= Laura Keeble =

British artist

Laura Keeble (born 1977) is a British artist. She uses interventionist and subversive strategies to create pauses in perception and question societal norms. "Unfunded and unsanctioned, Laura Keeble’s work is a grassroots action of sorts; it is an art that invites civic participation and a perhaps even a little harmless disobedience." Keeble currently lives and works in Southend-on-Sea.

== Education ==
Born in Mile End, London, Keeble attended Valance Primary School, in Barking and Dagenham; Westborough Primary School, Westcliff On Sea, and Prittlewell High school.

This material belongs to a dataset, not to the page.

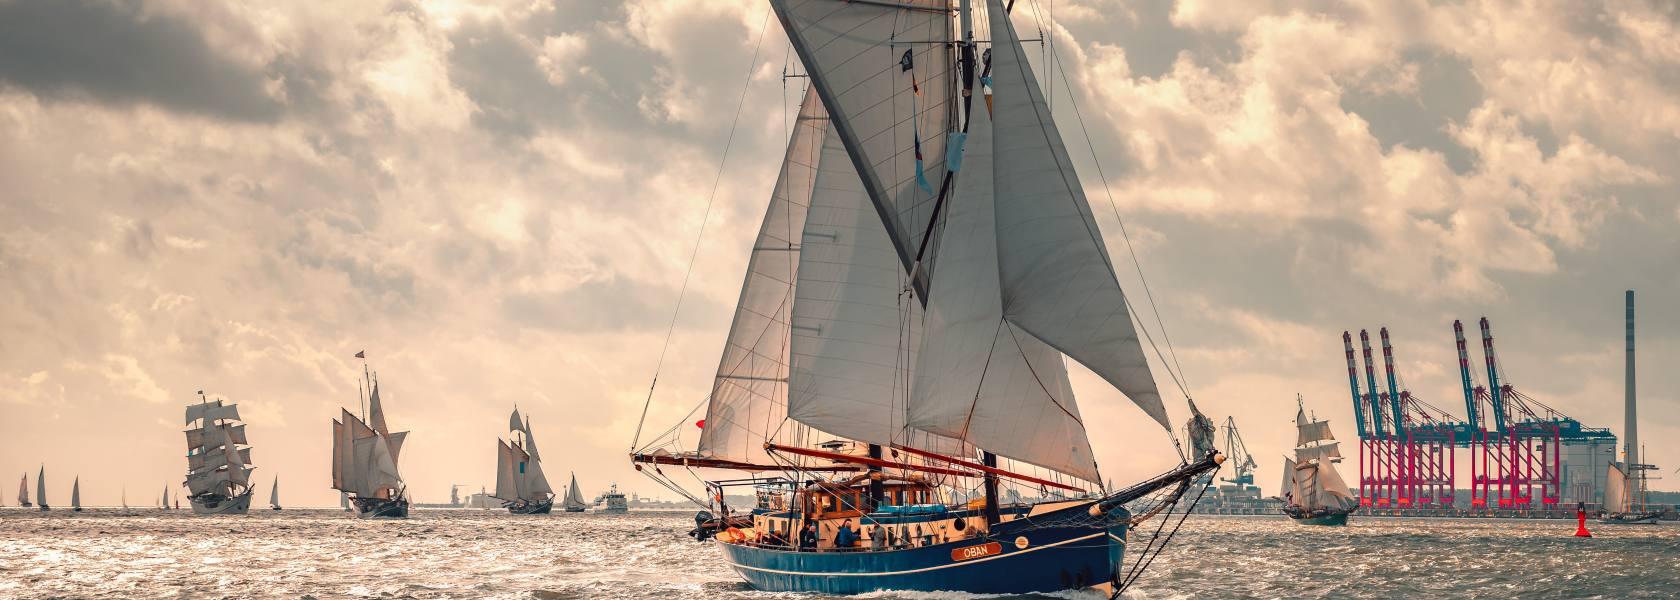 Sailing Cup WHV, © Rainer Ganske

Keeble earned a BA(Hons) in Fine Art at Essex University.

== Career ==
As a student, Keeble began to install and document uncommissioned interventions in public and corporate-owned spaces, quickly gaining notoriety for her anti-establishment installation of Queen Victoria's Hands.
In 2007 Keeble continued her site-specific practice with a parody of Damien Hirst's work For the love of God in which she created a replica of this artwork using a plastic medical model skull with 6522 Swarovski crystals, and left discarded with a pile of rubbish bags outside the White Cube gallery the day after Hirsts' Beyond Belief had closed. It was then exhibited in Lazerides Gallery, Newcastle.

Idol Worship (2007) explored the commercialism of branding in the context of a sculptural obituary. Keeble then exhibited in "Trespass Alliance" with the Andipa Gallery, London, with D*Face, Jose Parlour, Parla, Swoon, Slinkachu WK Interact and Charles Krafft. Idol Worship was published in "Urban Interventions", a site-specific focused publication.